Mitreißende Verflechtung von Fiktion und Realität
Never DoubtDas Verhältnis von mir zu Autorin Emma Scott ist noch etwas zwiespältig. Mit „All In“ hat sie ohne Frage bewiesen, dass sie emotionale NA-Lektüre großartig kann. Klar habe ich danach alles von ihr gelesen, ...
Das Verhältnis von mir zu Autorin Emma Scott ist noch etwas zwiespältig. Mit „All In“ hat sie ohne Frage bewiesen, dass sie emotionale NA-Lektüre großartig kann. Klar habe ich danach alles von ihr gelesen, aber gerade in ihren Dilogien hat sich immer wieder gezeigt, dass sie die Qualität nicht durchgängig halten kann. Dann sind die Bücher wahrlich nicht schlecht, aber wenn man „All In“ im Hinterkopf hat, dann sind Vergleiche auch einfach fies. Deswegen lese ich auch immer weiter, denn man kann ja schlecht anhand des Covers beurteilen, ob es jetzt „All In“ 2.0 oder doch eher Durchschnitt ist. Wie sieht es nun mit „Never Doubt“ aus?
Ich fand schon den Einstieg unheimlich einnehmend. Zuerst den Prolog, wo Willow von dem weisen Rat ihrer Oma berichtet, der für sie und ihre Erfahrungen jedoch kaum noch umzusetzen ist. Je mehr wir dann in ihr Leben eintauchen, desto mehr hat es mich geschüttelt, weil die Erfahrungen der Vergewaltigung so realistisch bei Willow dargestellt wurden. Man konnte sich daher vom ersten Augenblick an in die Protagonistin hineinversetzen, was definitiv das größte Geschenk in so einer Geschichte ist. Ich habe es mit den männlichen Protagonisten oft einfach als mit den weiblichen, aber zwischen mir und Willow passte es von Anfang an und ich habe durchgängig mit ihr gelitten, geliebt und gelebt.
Isaac stand Willow natürlich in nichts nach. Er war genau der sensible, tiefgründige, empathische Gegenpart, den sie so dringend brauchte, aber umgekehrt hat er sie genauso gebraucht, wie sie ihn. Ich fand die Chemie der beiden also von Anfang an gut und vor allem während der Theaterproben war ein richtiges Funken zu spüren. Was ich ebenfalls positiv festhalten möchte, ist, dass ich es sehr angenehm fand, in welchem Maße hier die sexuellen Aspekte gesteuert worden sind.
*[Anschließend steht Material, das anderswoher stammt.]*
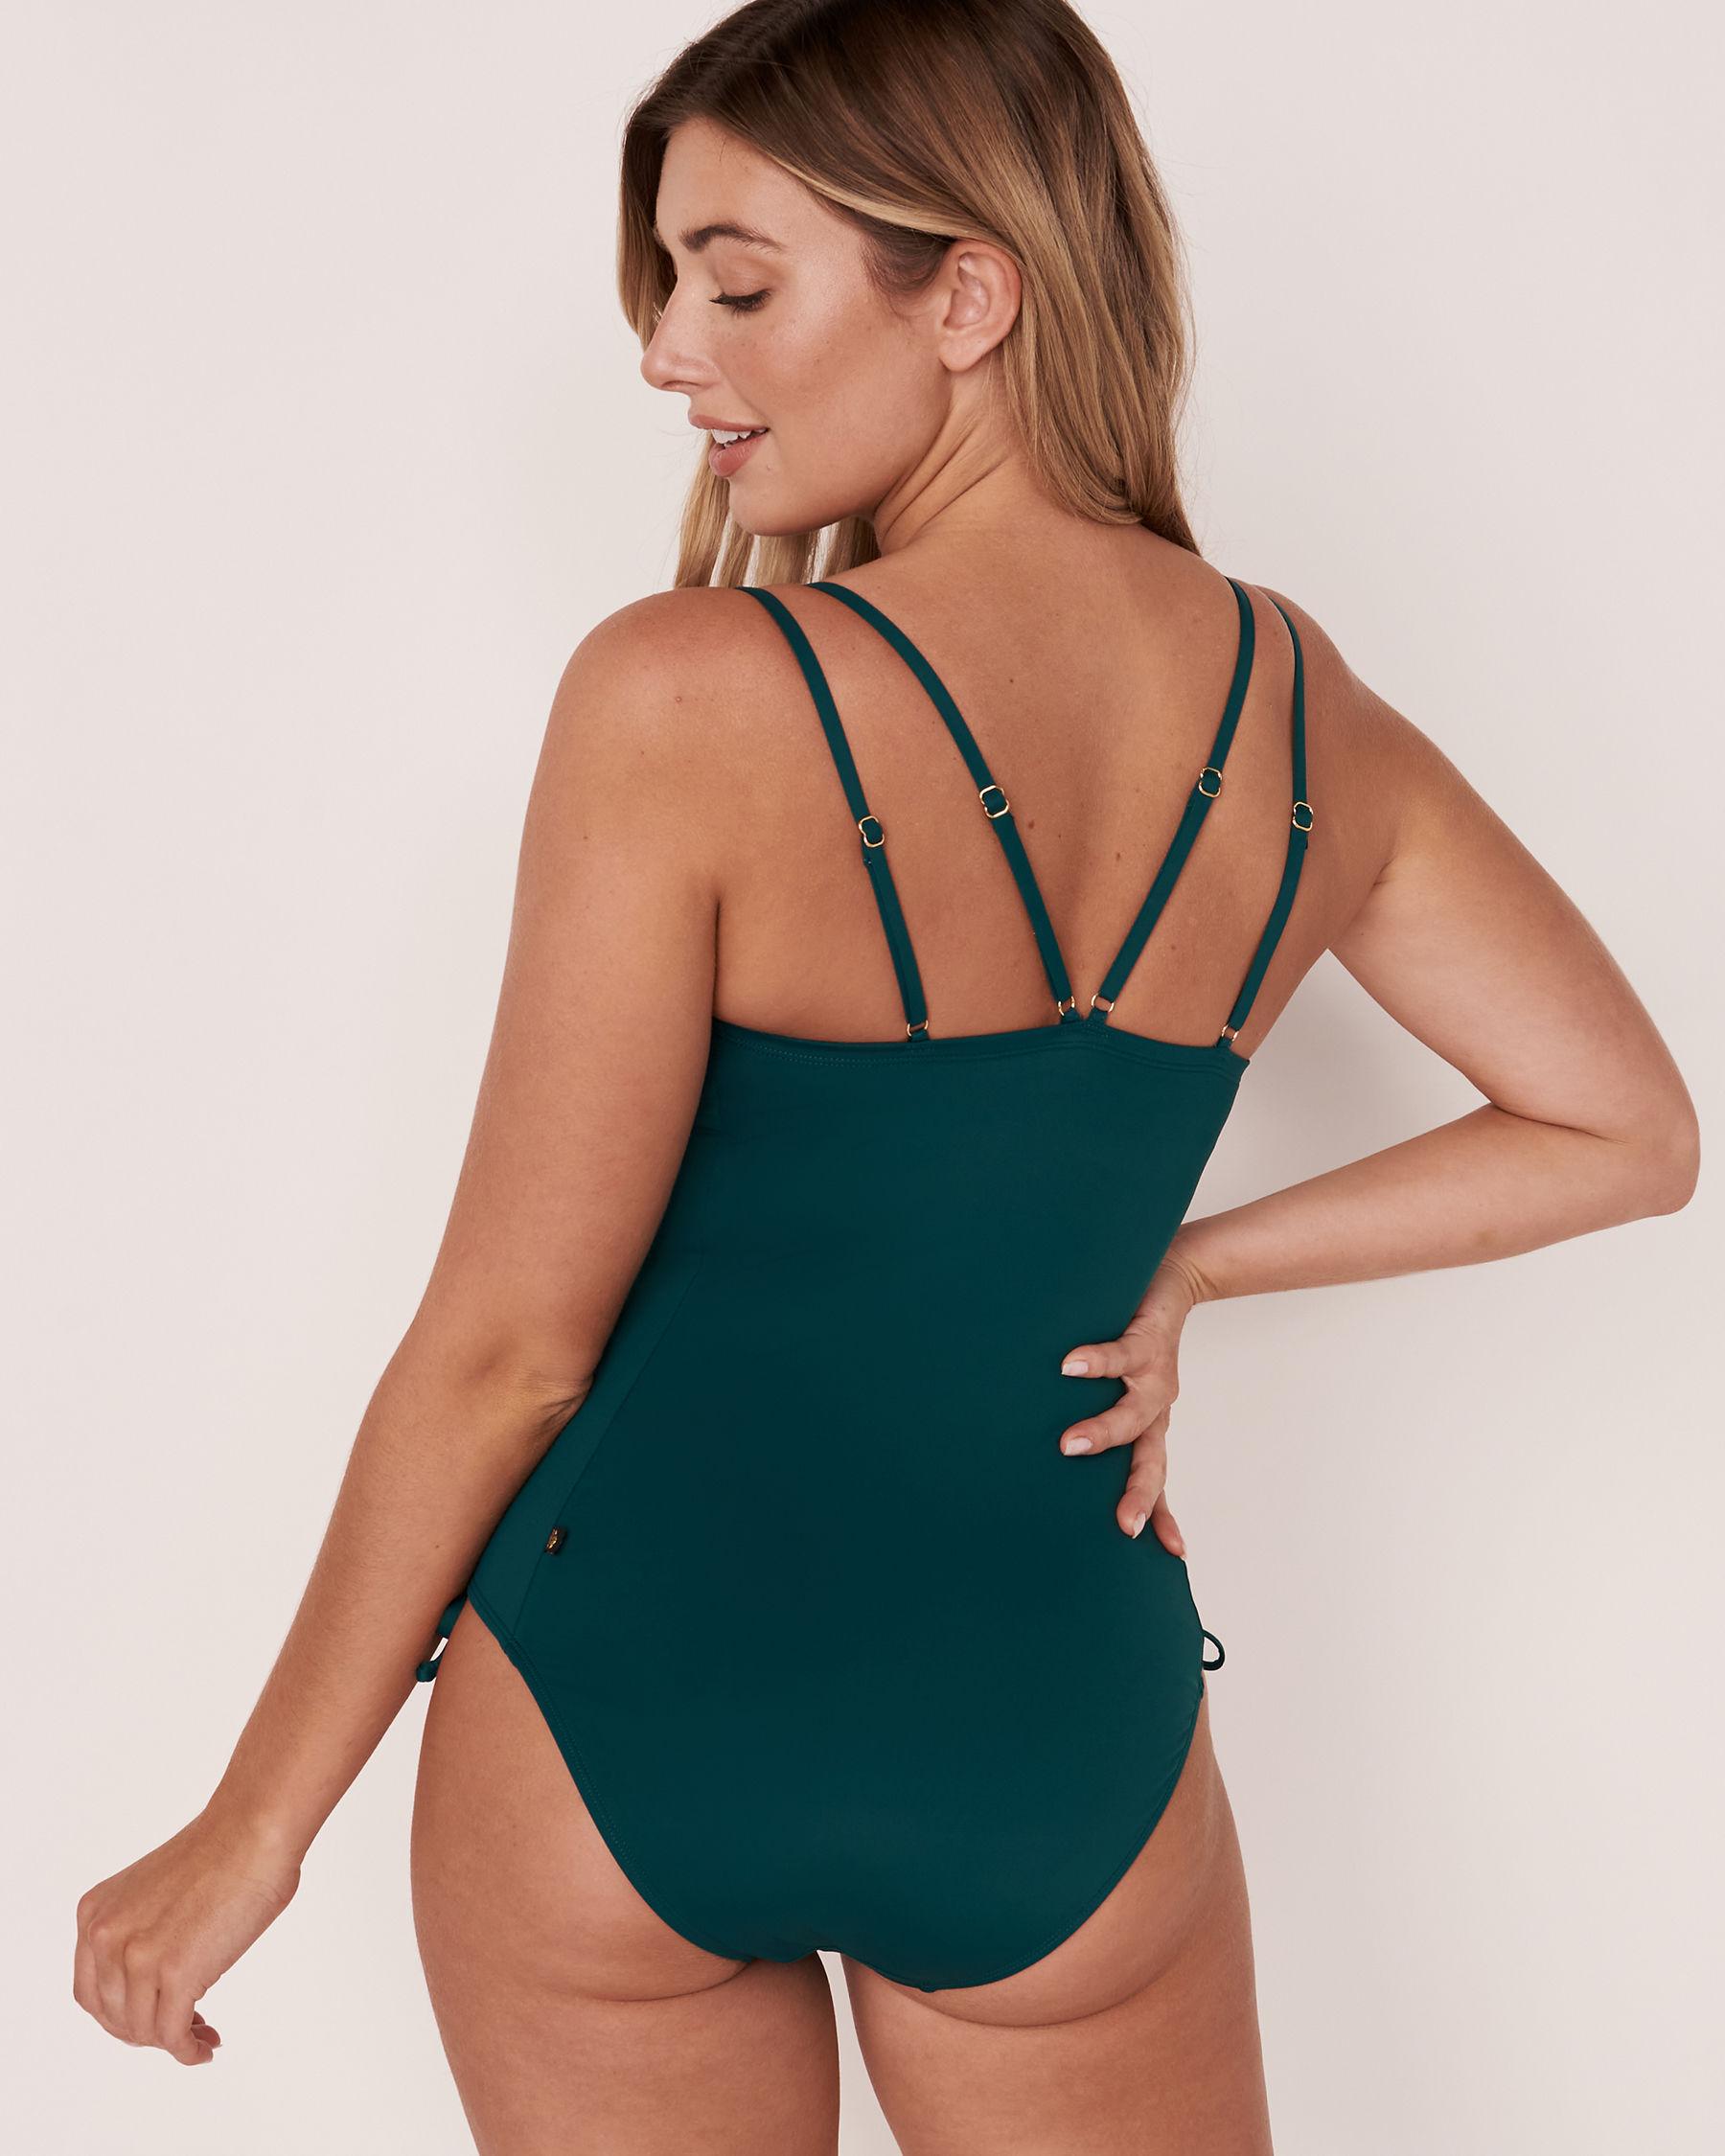 AQUAROSE IVANA Drawstring One-piece Swimsuit Teal 70400014 - View2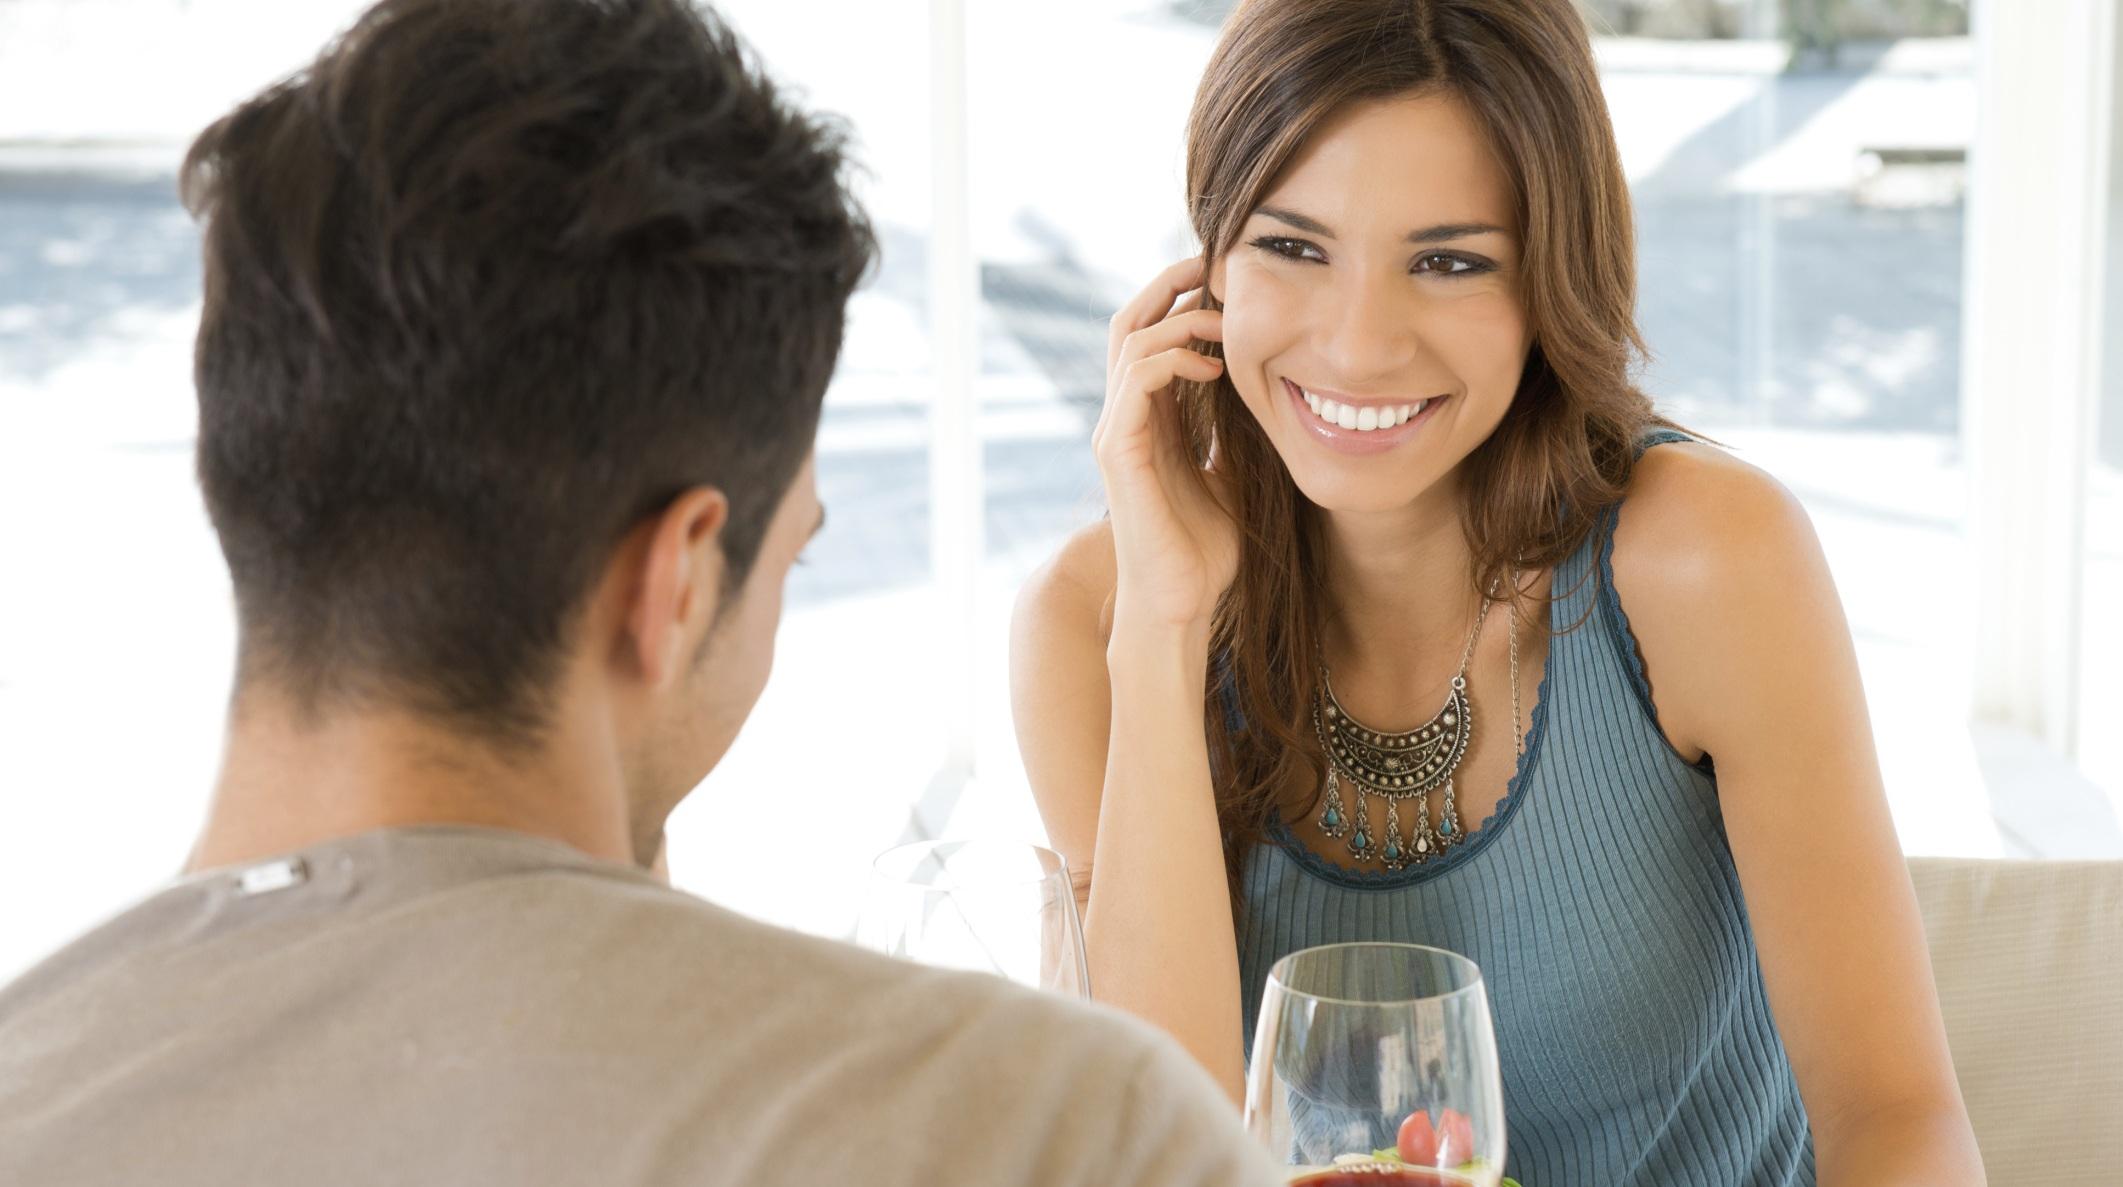 Манера разговаривать с мужчиной может стать сигналом к тому, чтобы понять сексуальное желание женщины

Scotts Art mit Sexszenen ist mir manchmal etwas zu derb und übertrieben für solch emotionalen Geschichten, aber hier fand ich es wunderbar gesteuert, denn nach einer Vergewaltigung braucht es einfach Fingerspitzengefühl.
Neben dieser tollen Paarung war mein eigentliches Highlight für mich aber diese wunderbare Verflechtung von Fiktion und Realität (die natürlich für uns Leser auch wiederum Fiktion ist). Es war richtig passend, wie sehr die ausgewählten Theaterstücke und auch der Vorsprechtext von Willow auf die Handlung passte, weswegen aufgesagte Zeilen und Erfahrungen in der eigenen persönlichen Welt sich auch jeweils die Hand geben konnten. Das war eine besondere Erfahrung für mich, weil es auch zeigt, wie gut Scott ihre Geschichte durchdacht hat. Es unterstreicht aber auch, dass Klassiker zeitlos sein können und noch so fern von unserer Realität wirken können, um dann doch wie die Faust aufs Auge zu passen.
Mit der erzwungenen Trennung von Willow und Isaac war leider ein Punkt in der Geschichte erreicht, wo ich die Entwicklungen etwas übertrieben fand. Das Drama wurde hier in einem Maße auf die Spitze getrieben, dass es sich eher von der Realität entfernte. Es wirkte leider zu gekünstelt, zumal mir spontan zig Wege eingefallen wären, wie man die Teilhandlungen viel natürlicher zum selben Ende hätte bringen können. Aber das Ende war dennoch perfekt für diese Geschichte und das zählt.
Fazit: „Never Doubt“ gehört in meinen Augen zu den stärkeren Werken von Emma Scott, denn das Paar hat eine besondere Chemie, Willows Geschichte ist extrem einnehmend und die Verwebung von Theaterstück und Lebenswelt war exzellent. Nur am Ende wurde es etwas zu dramatisch, das hat nicht zu dem sonstigen Ton der Erzählung gepasst.